Levert u producten of diensten aan de Rijksoverheid of de politie? En zijn er bij uw opdracht mogelijke risico’s voor de nationale veiligheid (bijvoorbeeld cyberaanvallen, informatielekken, spionage of sabotage)? Dan gelden er extra beveiligingseisen.
Dit zijn de Algemene beveiligingseisen voor Rijksoverheidsopdrachten (ABRO). Pas als u aan de ABRO-eisen voldoet en een positieve ABRO-verklaring krijgt van Het Nationaal Bureau Industrieveiligheid (NBIV) mag u met de opdracht beginnen.
Wanneer gelden de beveiligingseisen?
De ABRO-eisen gelden als u een opdracht doet met risico’s voor de nationale veiligheid. Uw opdrachtgever (Rijksoverheid of politie) bepaalt eerst of er mogelijke risico’s zijn.
Voorbeelden van risico’s voor de nationale veiligheid:
- Uw opdrachtgever deelt gevoelige informatie met u, zoals staatsgeheimen, vertrouwelijke documenten, persoonsgegevens of reisgegevens van medewerkers.
- U werkt op een bijzondere locatie zoals een datacenter of een security operation center (dit geldt voor bijvoorbeeld ICT-leveranciers, schoonmakers of schilders).
- U werkt aan computersystemen waarop gevoelige informatie wordt verwerkt (u levert bijvoorbeeld software of ICT).
- U werkt in of aan bijzondere gebouwen, zoals een detentiecentrum, vliegveld of wapenopslag.
Voor welke ondernemers gelden de beveiligingseisen?
Ondernemers die te maken kunnen krijgen met de ABRO-eisen bij een overheidsopdracht zijn bijvoorbeeld:
- ICT-bedrijven (cloud-providers, software ontwikkelaars, leveranciers van ICT-middelen, telecom providers)
- dienstverleners (schoonmakers, schilders, beveiligingsbedrijven, auditbedrijven, consultancy bedrijven, transportbedrijven, reisbureaus, opleidingscentra, vertaalbureaus, cateringbedrijven)
- bouwondernemers (architectenbureaus, bouwbedrijven, technische installatie bureaus)
- bedrijven die werken met radar, crypto, wapensystemen, persoonsgegevens, datacenters en communicatiemiddelen
Wat zijn de beveiligingseisen bij een overheidsopdracht?
Als er risico is voor de nationale veiligheid, dan bepaalt uw opdrachtgever het beveiligingsniveau voor uw opdracht en welke beveiligingseisen gelden.

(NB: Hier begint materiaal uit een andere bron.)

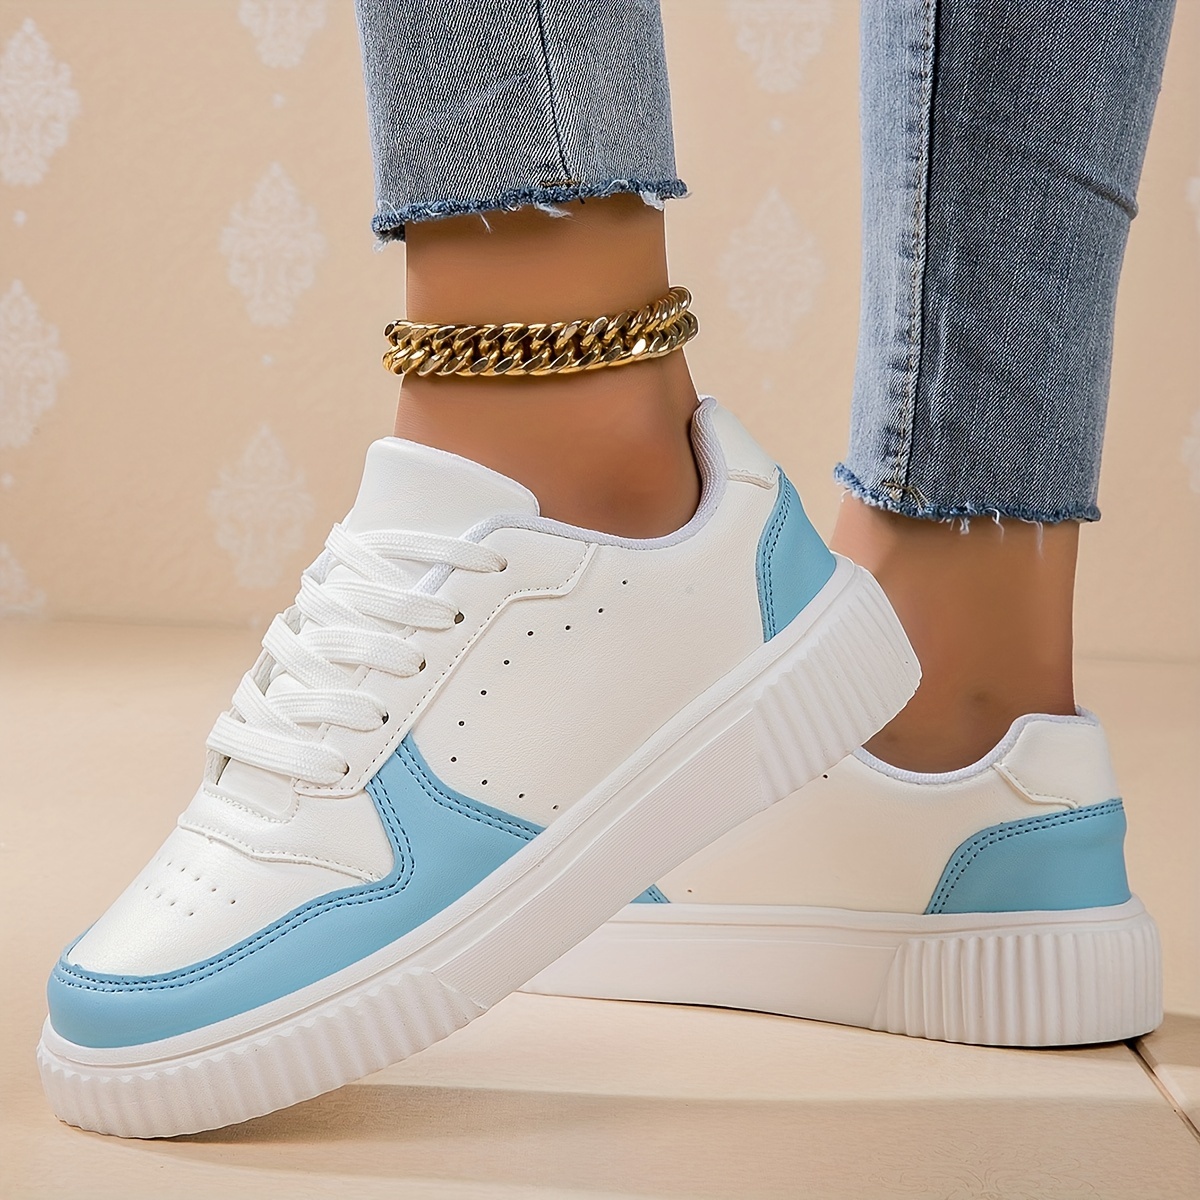 womens solid color sneakers casual lightweight low top skate shoes comfortable white lace up shoes details 8

Hoe hoger het beveiligingsniveau, hoe strenger de beveiligingseisen. De beveiligingseisen gaan over:
Bestuur en organisatie
Deze beveiligingseisen gelden altijd. U moet bijvoorbeeld inzicht geven in de bedrijfsstructuur en de personen met invloed binnen het bedrijf. De eisen voor bestuur en organisatie staan in hoofdstuk 1 van de ABRO.
Betrouwbaarheid van het personeel
Deze beveiligingseisen gelden altijd. Uw personeel heeft bijvoorbeeld een Verklaring van Geen Bezwaar (VGB) of een Verklaring Omtrent het Gedrag (VOG) nodig. Het personeel heeft een geheimhoudingsplicht of moet een training doen. De eisen voor personeel staan in hoofdstuk 2 van de ABRO.
Fysieke beveiliging
Deze beveiligingseisen zijn afhankelijk van de opdracht en de locatie en gaan bijvoorbeeld over toegang en beveiliging van gebouwen en transport. De eisen voor fysieke beveiliging staan in hoofdstuk 3 van de ABRO.
Cyber beveiliging (cybersecurity)
Deze beveiligingseisen zijn afhankelijk van de opdracht en de locatie en gaan over de beveiliging van ICT-bedrijfsmiddelen en de beveiliging van data. De eisen voor cyber beveiliging staan in hoofdstuk 4 van de ABRO.
Cloudoplossingen
Deze beveiligingseisen zijn afhankelijk van de opdracht en de locatie en gaan over het beveiligen van informatie (bijvoorbeeld sleutelbeheer en exitstrategie). De eisen voor cloudoplossingen staan in hoofdstuk 5 van de ABRO.
Het Nationaal Bureau Industrieveiligheid (NBIV) onderzoekt of uw bedrijf voldoet aan de ABRO-eisen. Als uw onderneming aan de ABRO-eisen voldoet, krijgt u een positieve ABRO-verklaring van het NBIV en kunt u met de overheidsopdracht starten. Ook tijdens uw opdracht wordt gecontroleerd of u zich aan de beveiligingseisen houdt.